--- Goal of the exercise ---
Your output should be everything below from the line containing "HOT Dalkurd Fotbollsforening" down to the line containing "Didier PRADON, PhD HDR en biomécanique ISPC", both ends included, copied exactly, with pictures left out.

--- Records provided ---
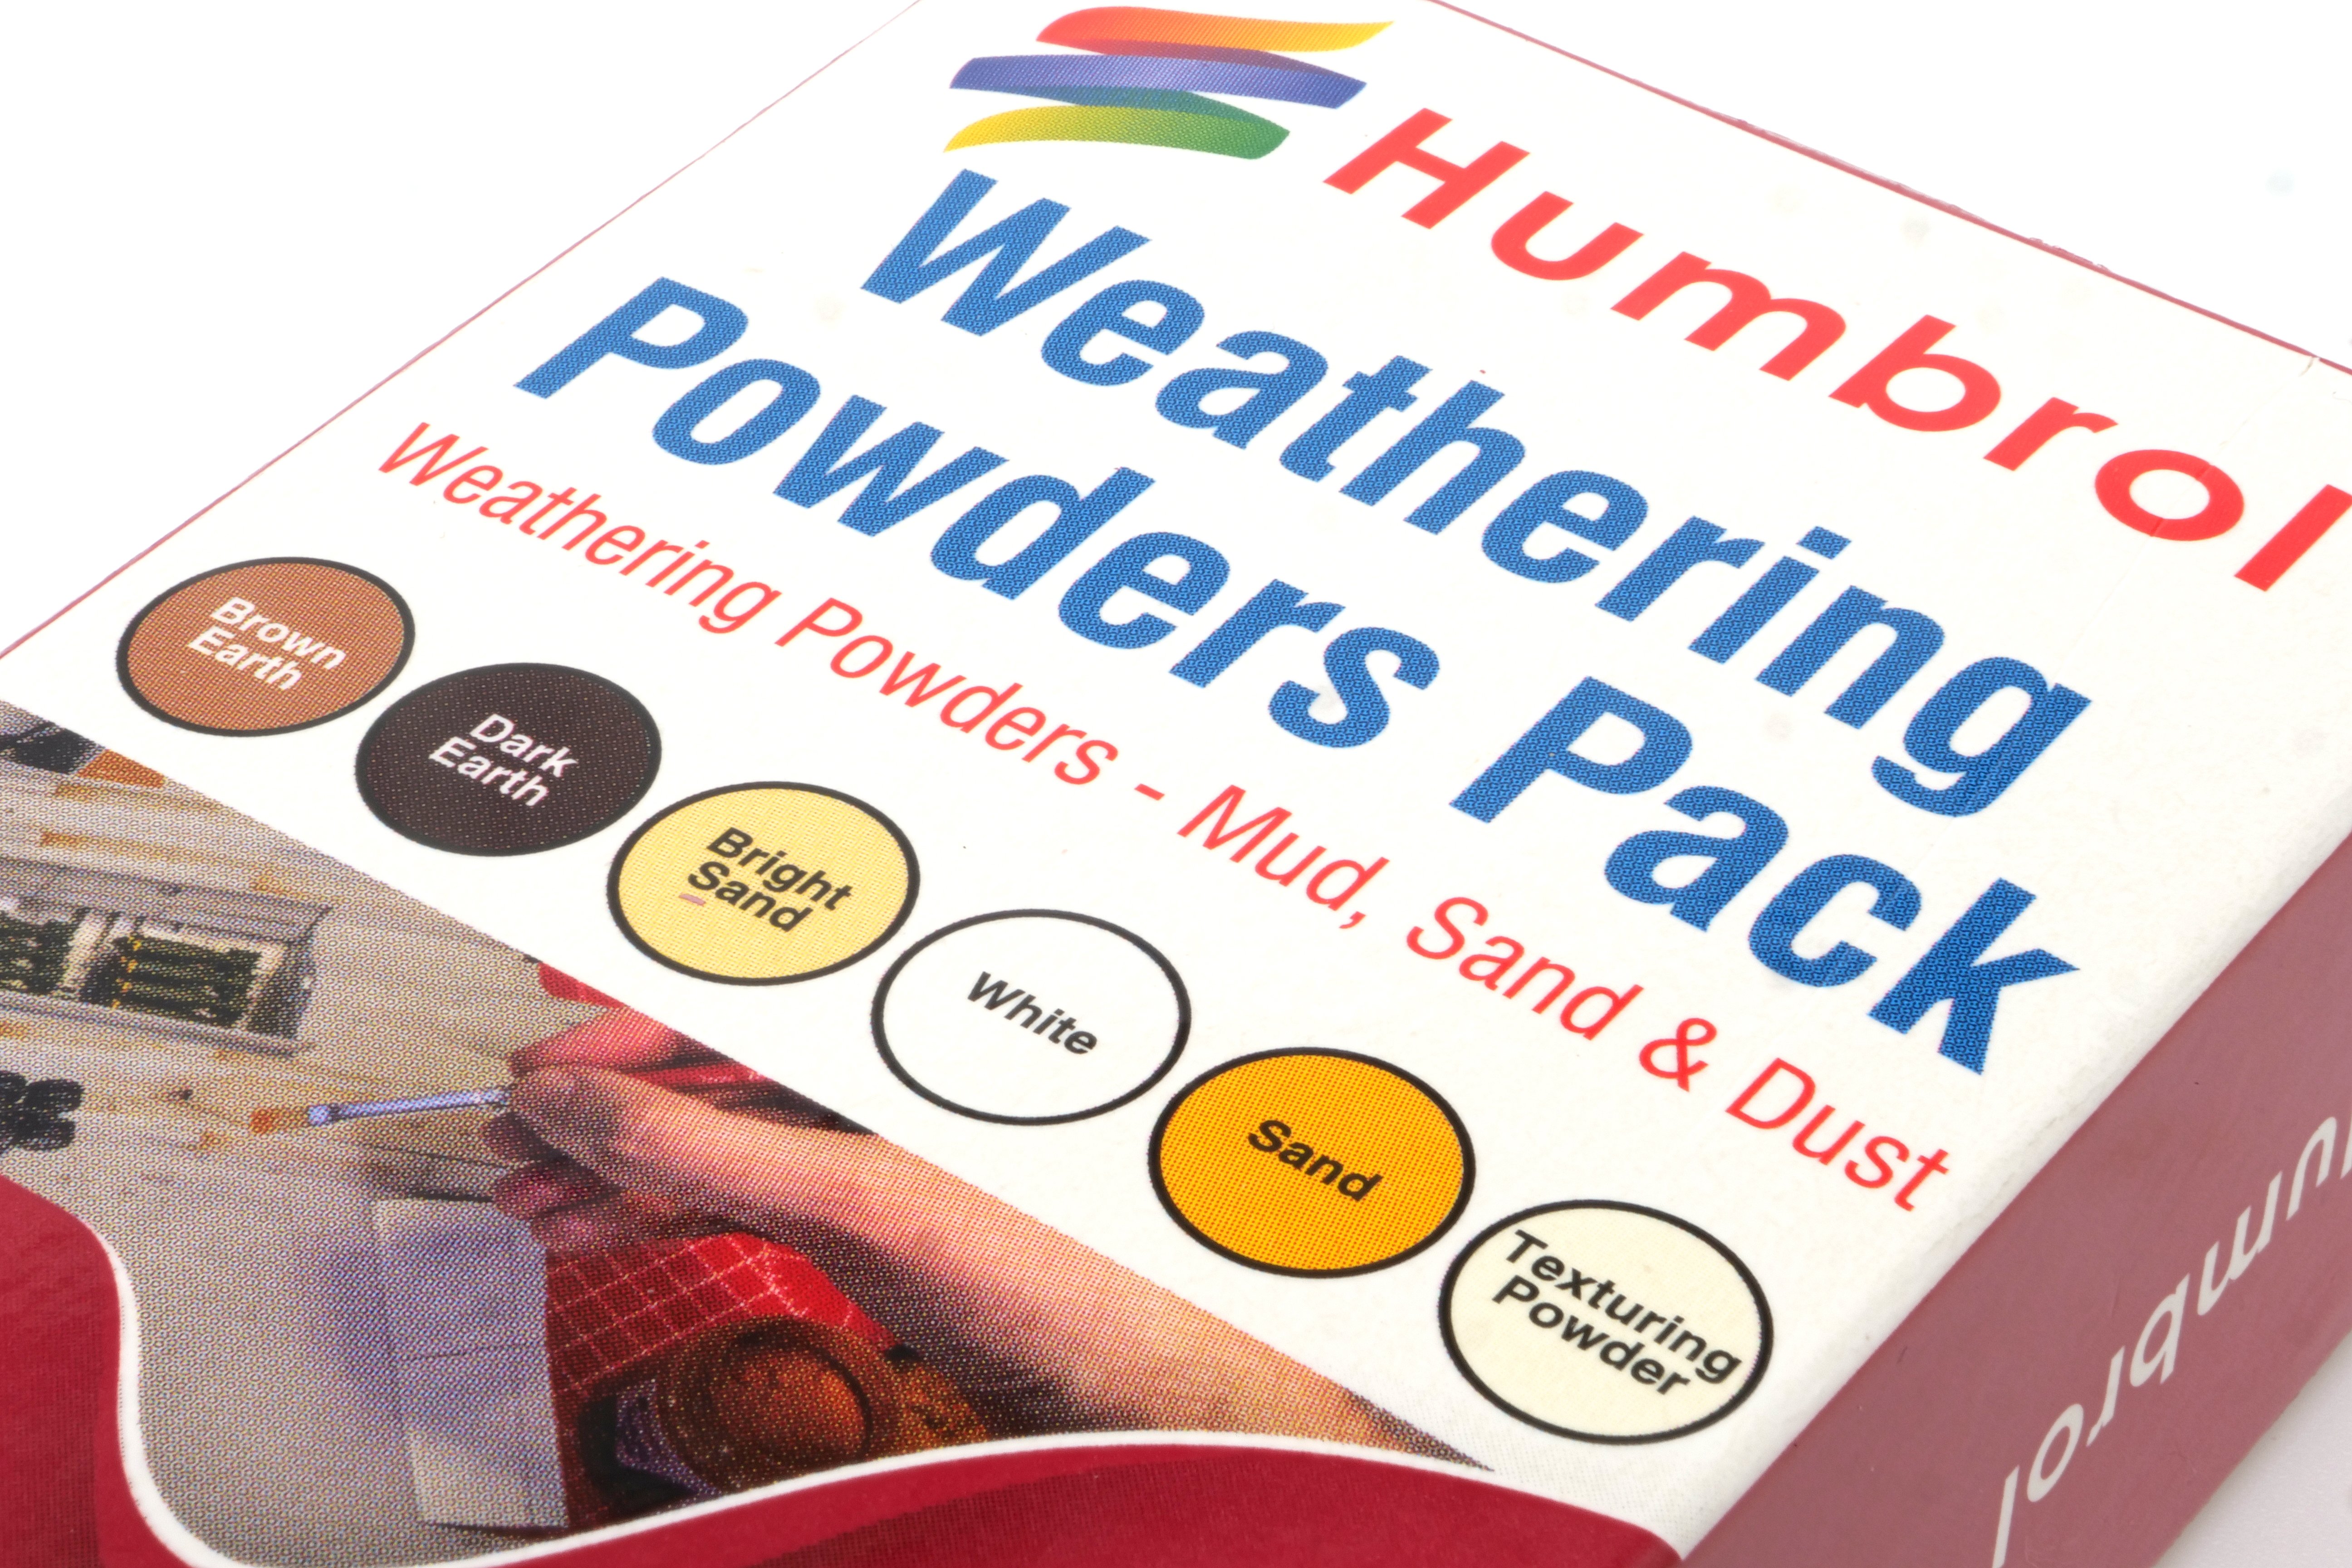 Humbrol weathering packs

* * *

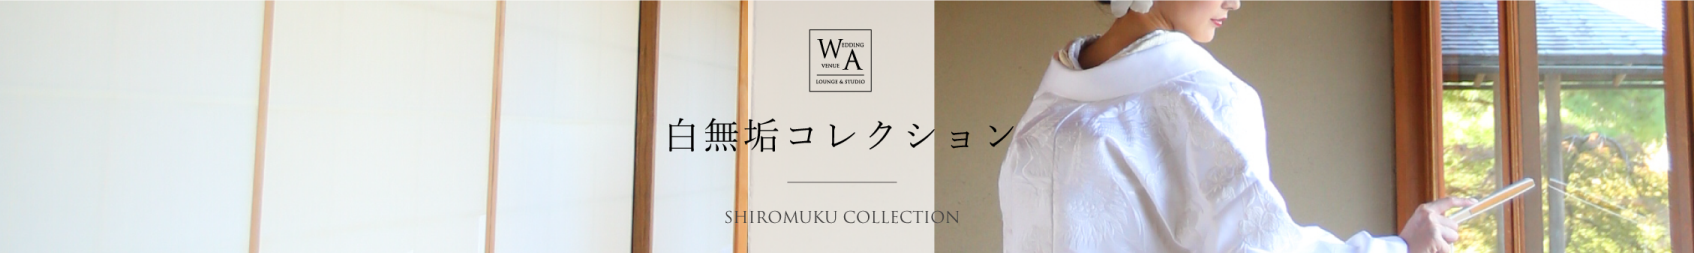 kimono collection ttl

==

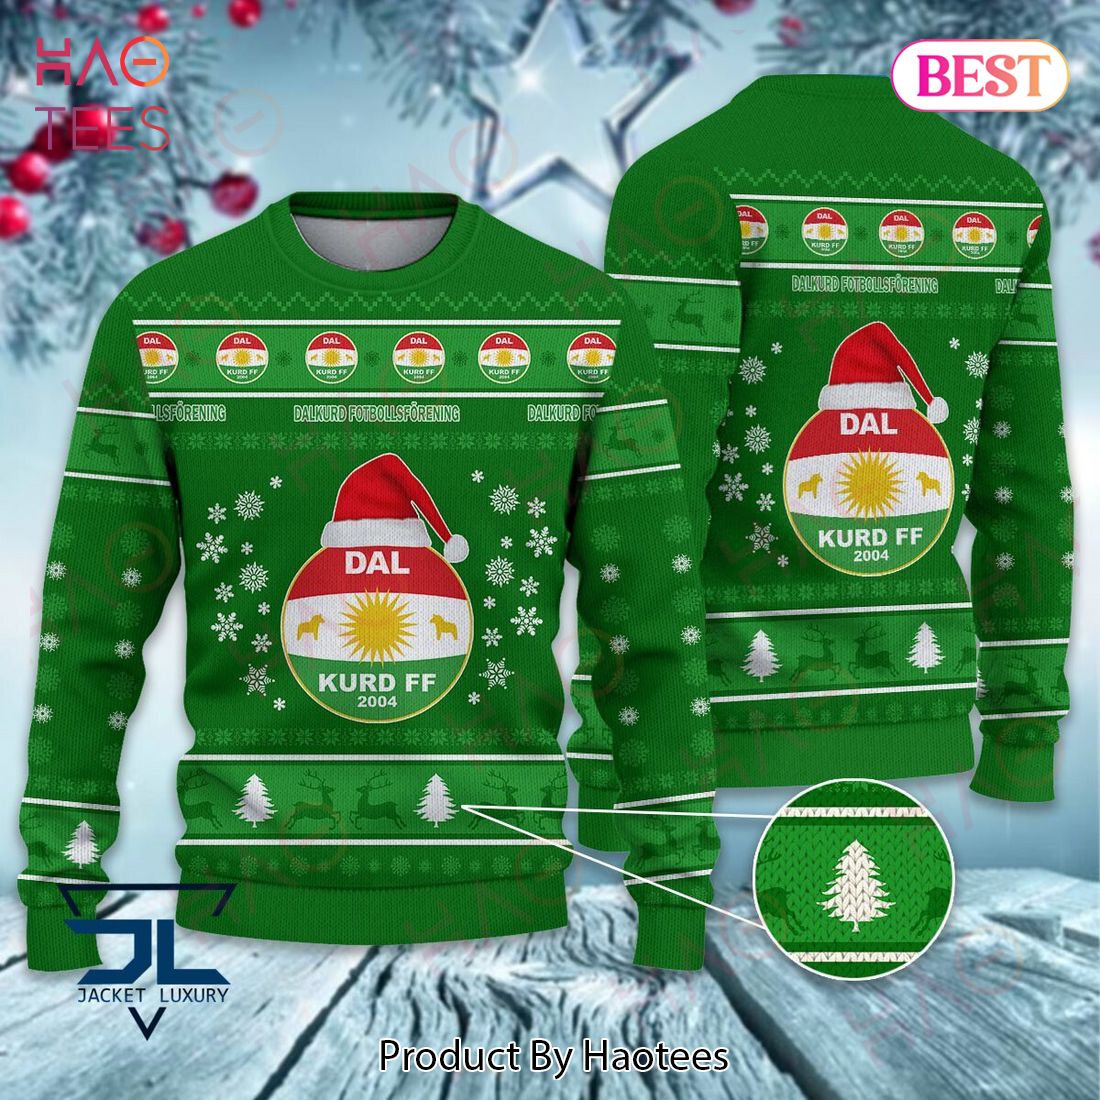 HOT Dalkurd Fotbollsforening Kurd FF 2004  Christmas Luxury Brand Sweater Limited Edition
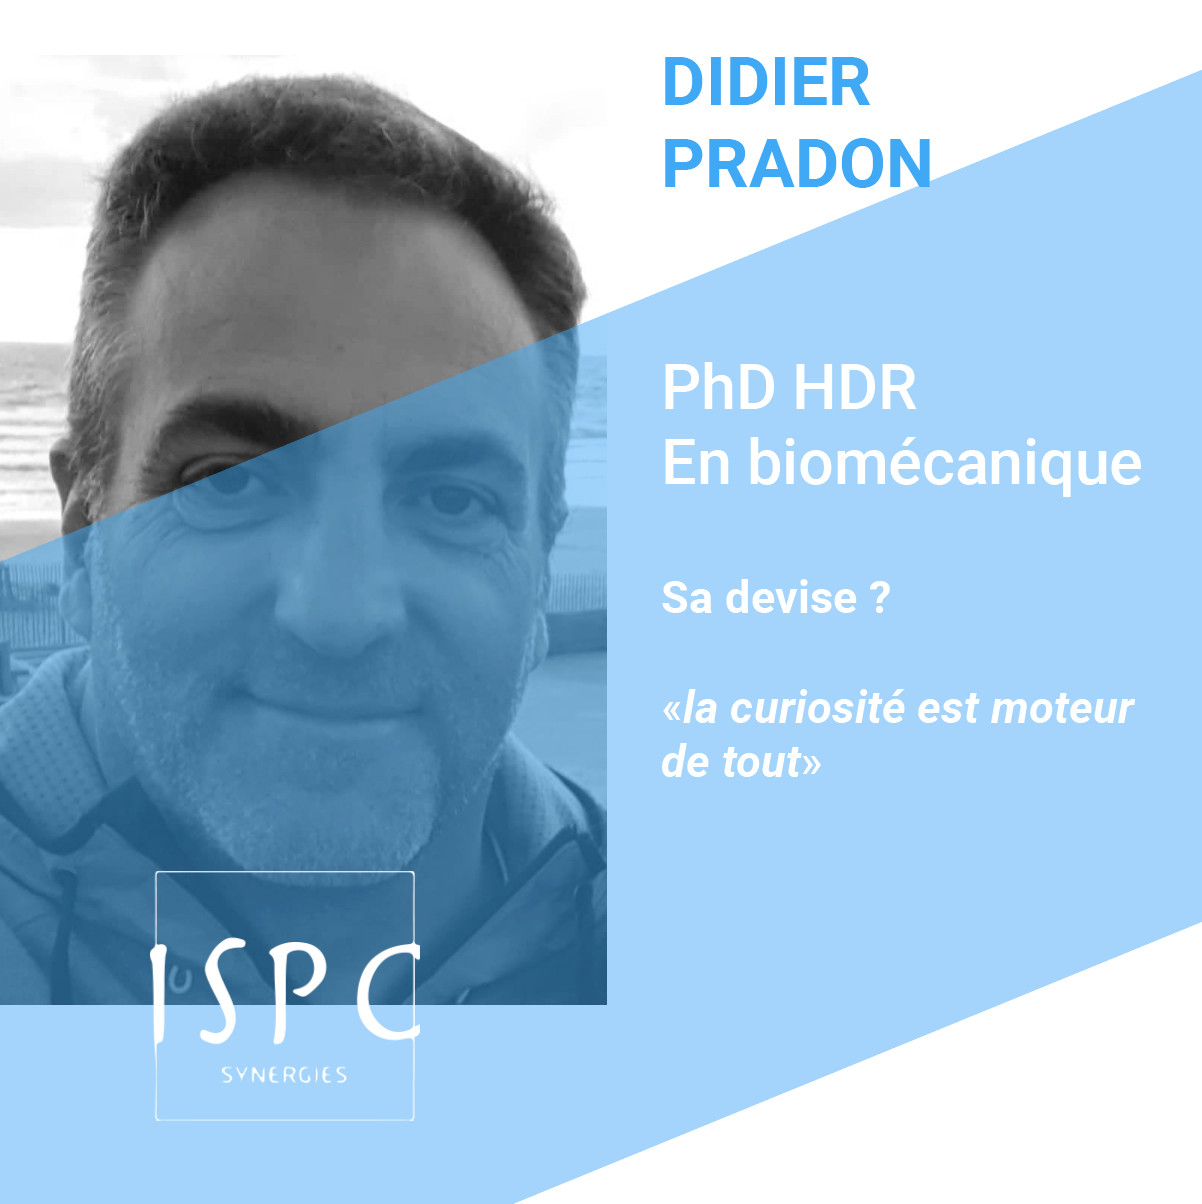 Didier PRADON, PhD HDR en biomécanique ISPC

--- Result below ---
 HOT Dalkurd Fotbollsforening Kurd FF 2004  Christmas Luxury Brand Sweater Limited Edition
 Didier PRADON, PhD HDR en biomécanique ISPC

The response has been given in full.